Every time I look at Facebook (i.e., obsessively), people are desperately looking for housing in the midcoast. Just a few days ago someone wrote, “We have two months until the house we rent is sold.” Someone else had written, “There’s NOTH- ING out there!! The friggin motels won’t even do weekly rates. Everything is nightly… Looks like we are sleeping in the car!!!!… I’d sleep in my car if it wasn’t for my son whose a senior with nowhere to go.” A person replied, “People are renting rooms and campers because there are no rents unless you go up by Augusta.” The Knox County Homeless Coalition is trying to help, but they have
a long waiting list and are having a harder time than ever finding shelter for people. There plain are not enough available places for people to live (despite the fact that Maine has so many extra homes just sitting empty, because there is no political will to do anything about wealth hoarding). Like the substance use pandemic, the housing crisis deserves to be on the top of the list for ARPA funding.
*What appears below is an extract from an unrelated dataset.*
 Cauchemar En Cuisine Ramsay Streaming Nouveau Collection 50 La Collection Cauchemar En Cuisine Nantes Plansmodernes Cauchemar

Is there money coming specifically to address the countrywide housing crisis? Maybe, but even if it does come, it won’t be sufficient. The Build Back Better Act, which has not yet passed, and could end up scaled back even more by those Democrats who are basically Republicans (Maine’s Jared Golden voted against it in the House), currently includes $150 billion for “affordable housing.” While it’s great that it would create an expanded voucher program for rent and down-payment assistance, it would build only 1 million rentals and single-family homes. For the entire country. What good is a rental voucher when there is nowhere to rent? Without vigorous funding of rehabbed housing, more new housing, and the relinquishing of second and third homes, short-term rentals, etc., the housing crisis will continue.


If the BBB actually passes, it may lead to some tremendous transformation in regard to child care, poverty, family leave, and more, but, so far, none of the major federal bills passed gives anywhere near the resources needed to address our overdose pandemic, our emotional health needs, our housing crisis, and other major issues.
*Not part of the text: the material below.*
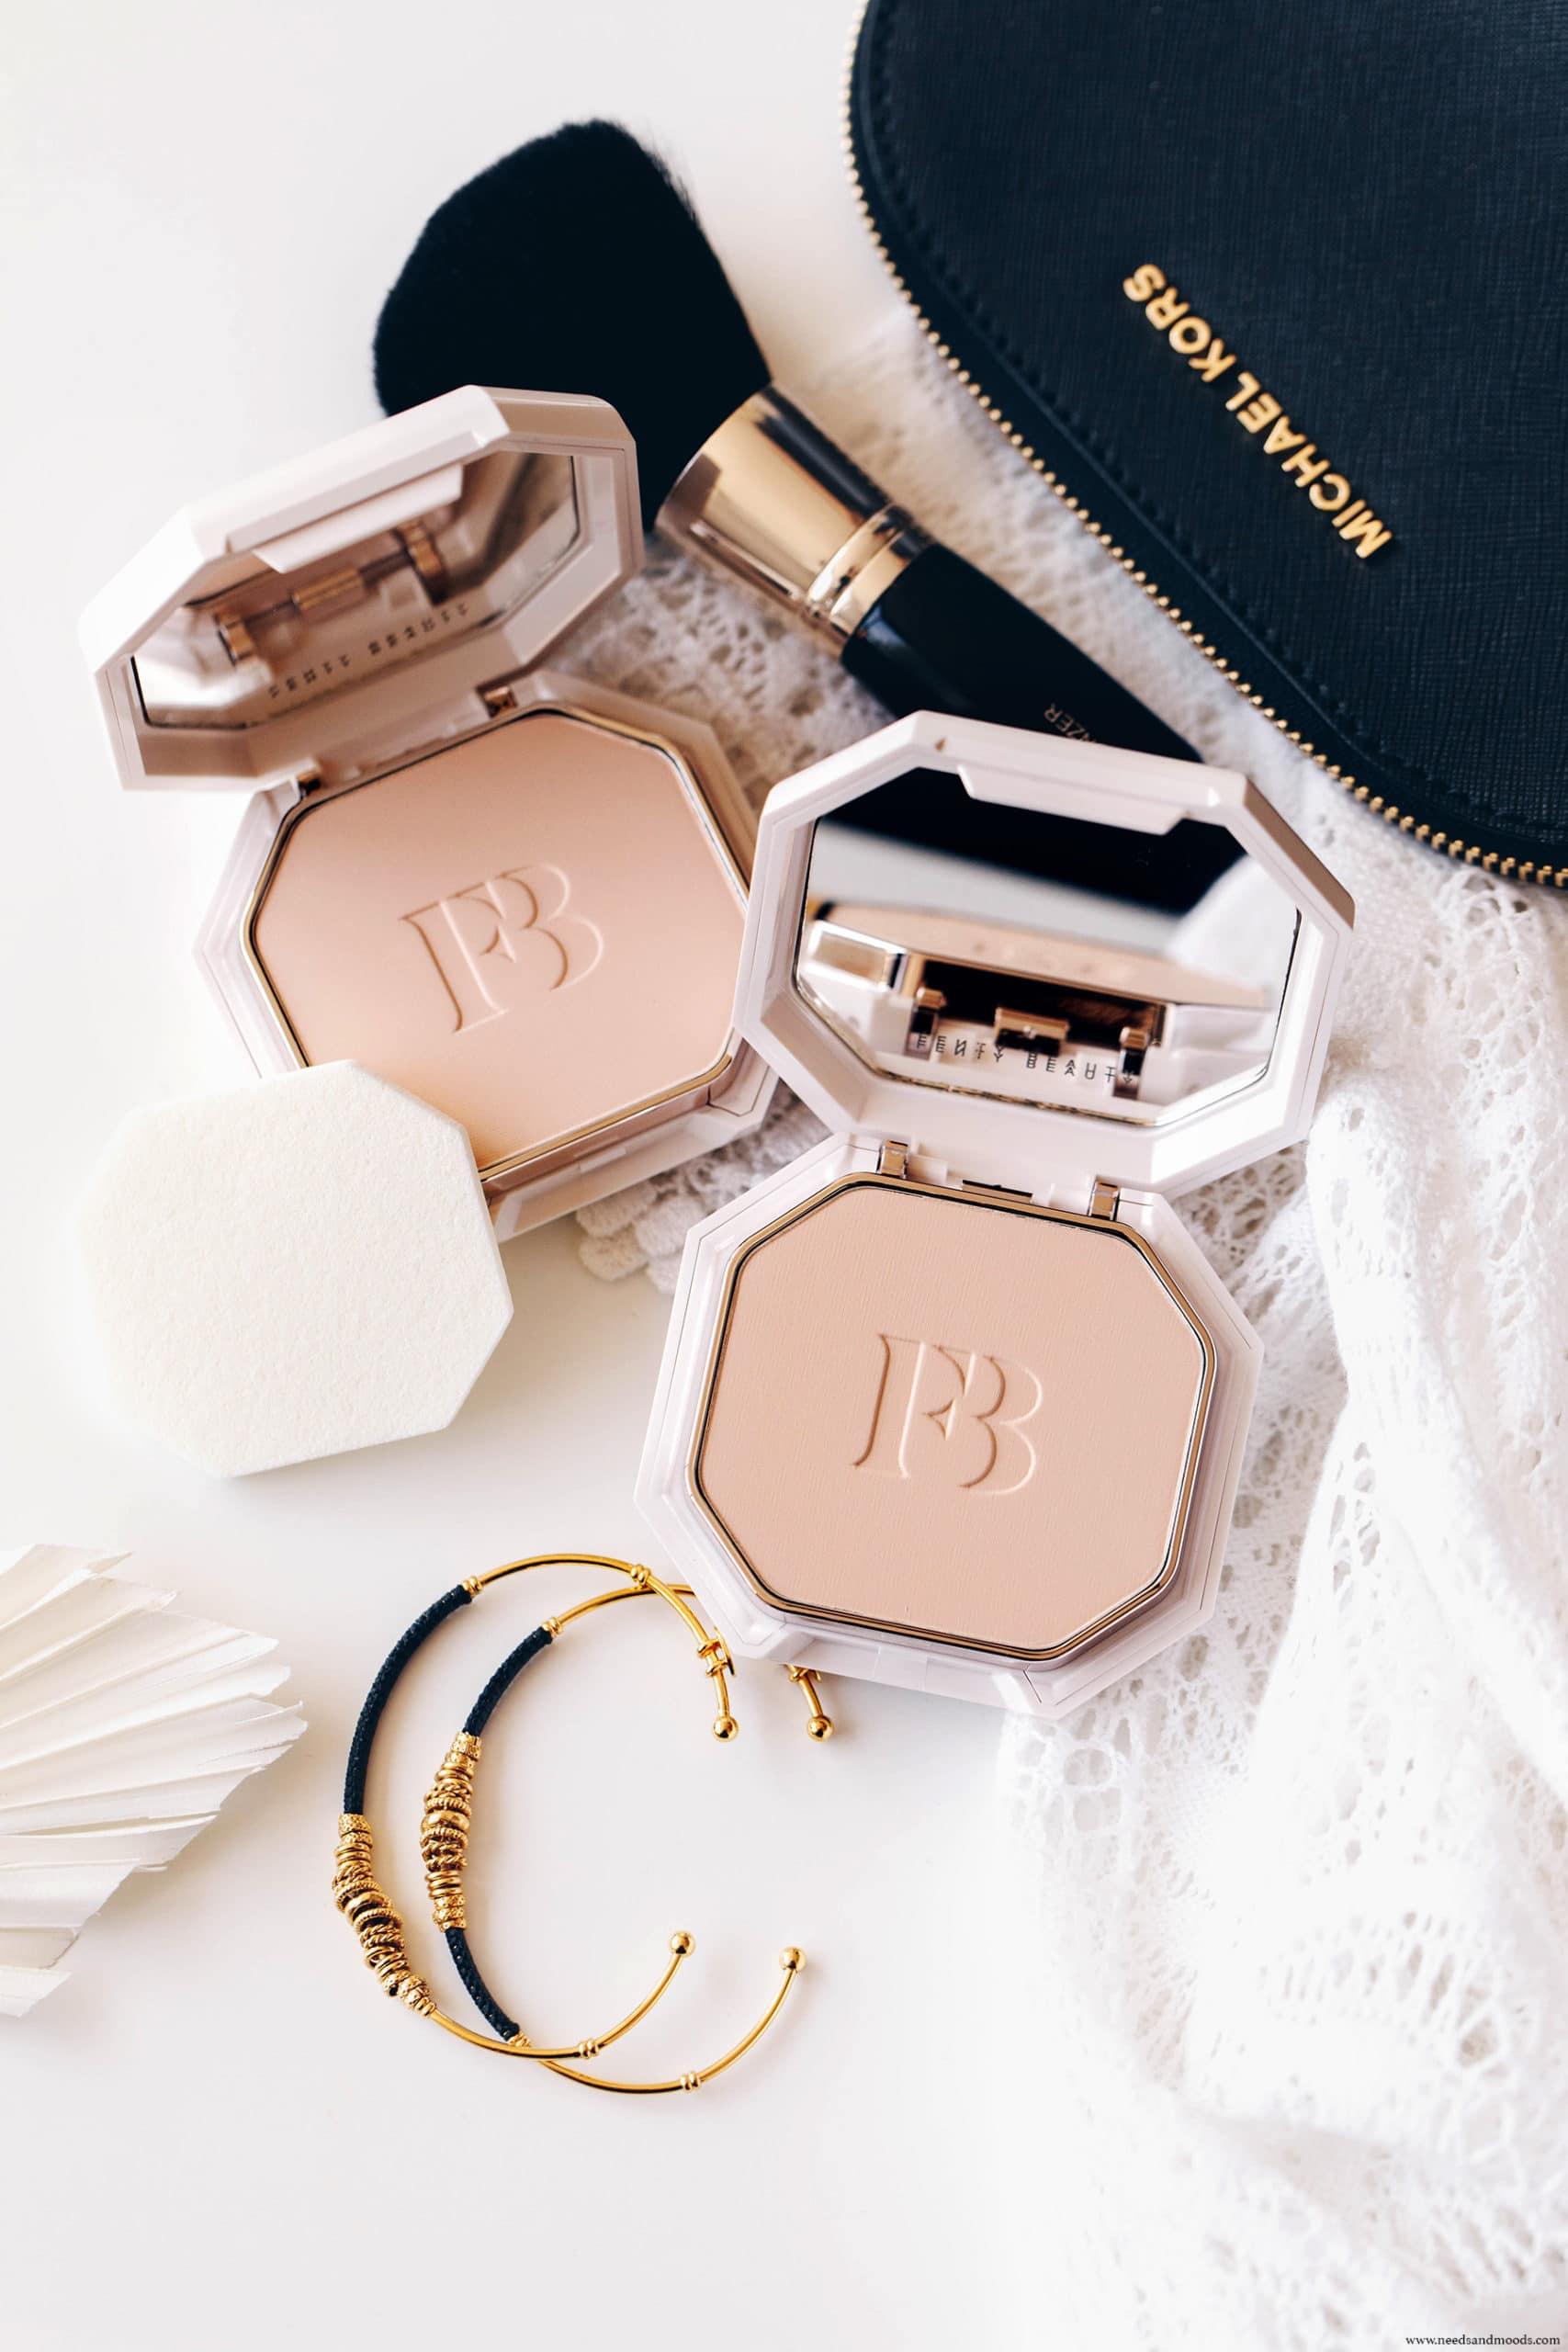 fenty beauty soft matte powder foundation

With so much new funding floating around, it’s possible I may have missed some major funding related to the substance use pandemic in Maine, but so far I’m only seeing a few million here and there. On November 23, Maine Senators Angus King and Susan Collins proudly touted “$2,302,864 from the U.S.
Department of Justice to combat the opioid crisis and confront substance abuse disorders in Maine youth” as if it were some incredible gift. But compared to the $1.3 billion Maine will be getting for highway maintenance and construction from the Infrastructure Bill, Maine youth are getting a tiny, moldy crumb.
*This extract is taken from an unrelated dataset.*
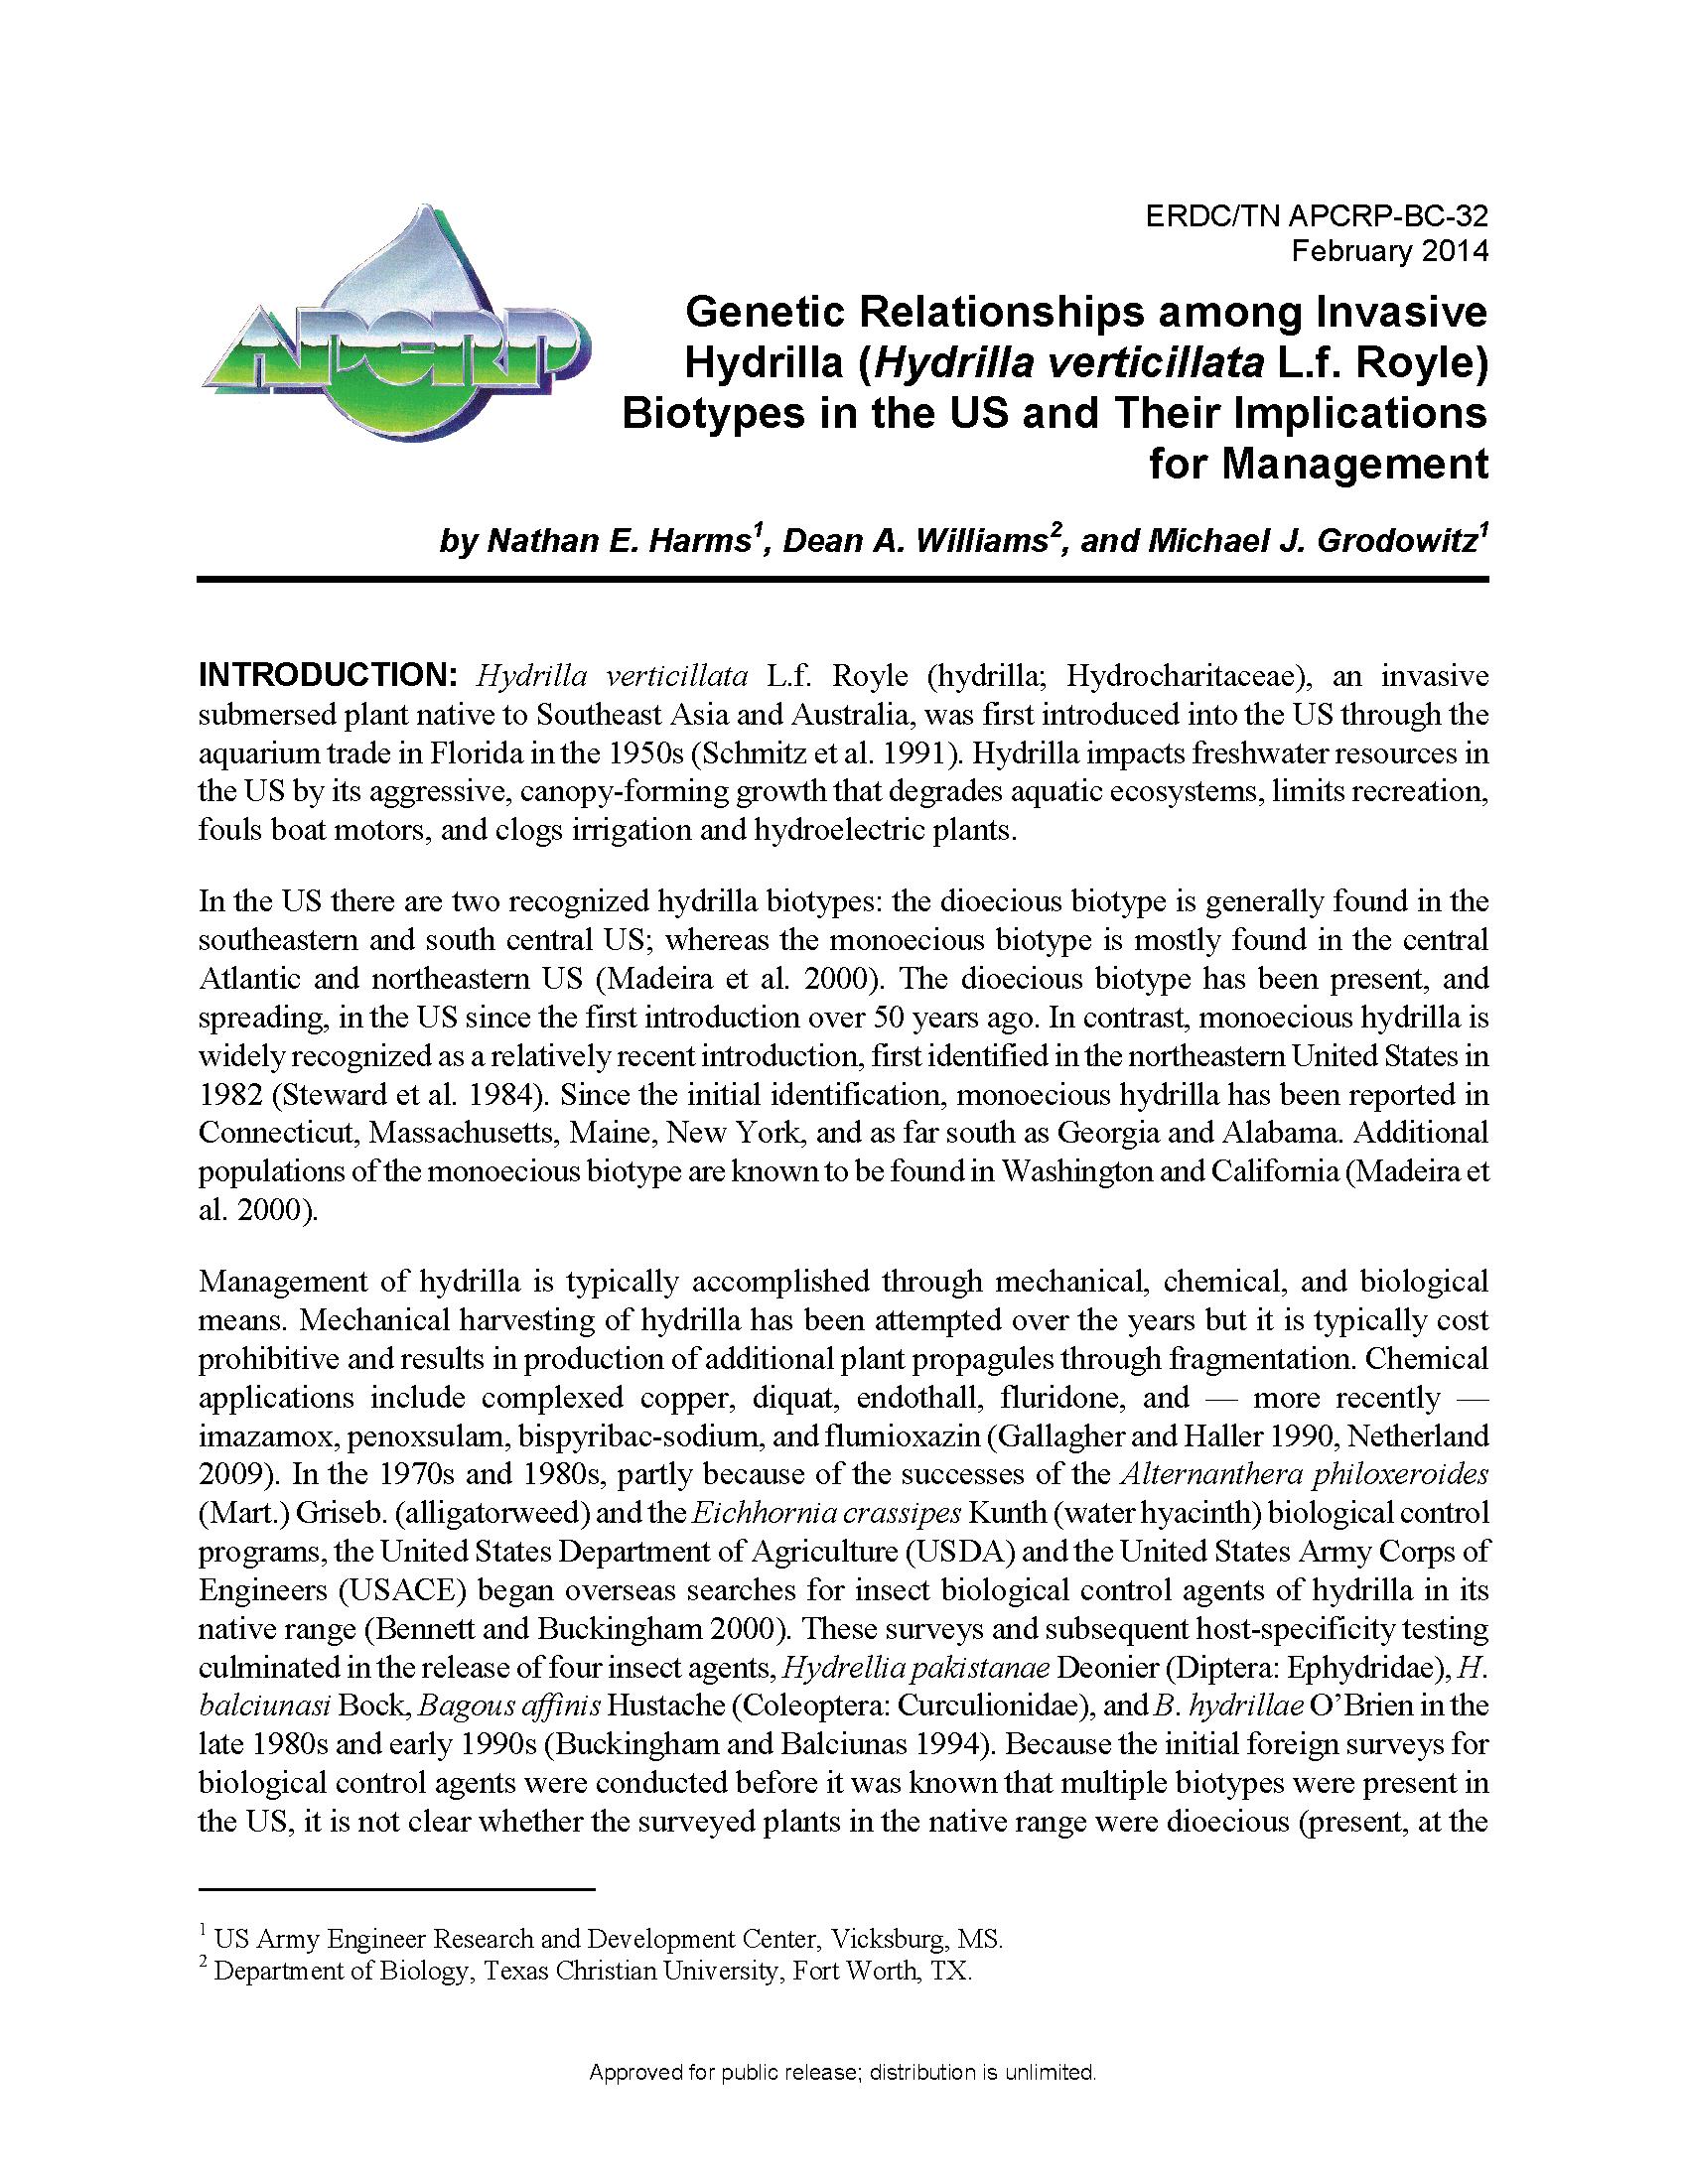 Genetic relationships among invasive hydrilla Hydrilla verticillata

We in Knox County and other areas of the state have the chance to start addressing our underfunded crises with the ARPA funds. I’m sure all of us would love there to be more to go around, but it doesn’t seem like the oligarchs in charge are going to tax themselves and the billionaires out of existence anytime soon, nor address the shocking military budget (which by some calculations takes up about half of the federal budget each year), so we’re stuck with an unfortunate situation where we’re once again fighting over crumbs.


I beg those of you who get to decide where our collectively created money goes to to think in terms of triage, in terms of the hierarchy of needs, and in terms of the long term: who in the community most needs this support, who is most likely to die, what other money is already earmarked, what do we need so we can leave the ruins of a wildly unfair society in the past and move towards comprehensively caring for each other?

Becca Shaw Glaser grew up in midcoast Maine and, for better and worse, moved back a bunch of years ago. She currently lives in Rockport. Co-editor and author of Mindful Occupation: Rising Up Without Burning Out, her writing has also been published in The Maine Commons, Women’s Studies Quarterly, Mad in America,
Spoon River Poetry Review, The Rumpus, Columbia Journal, and many other publications.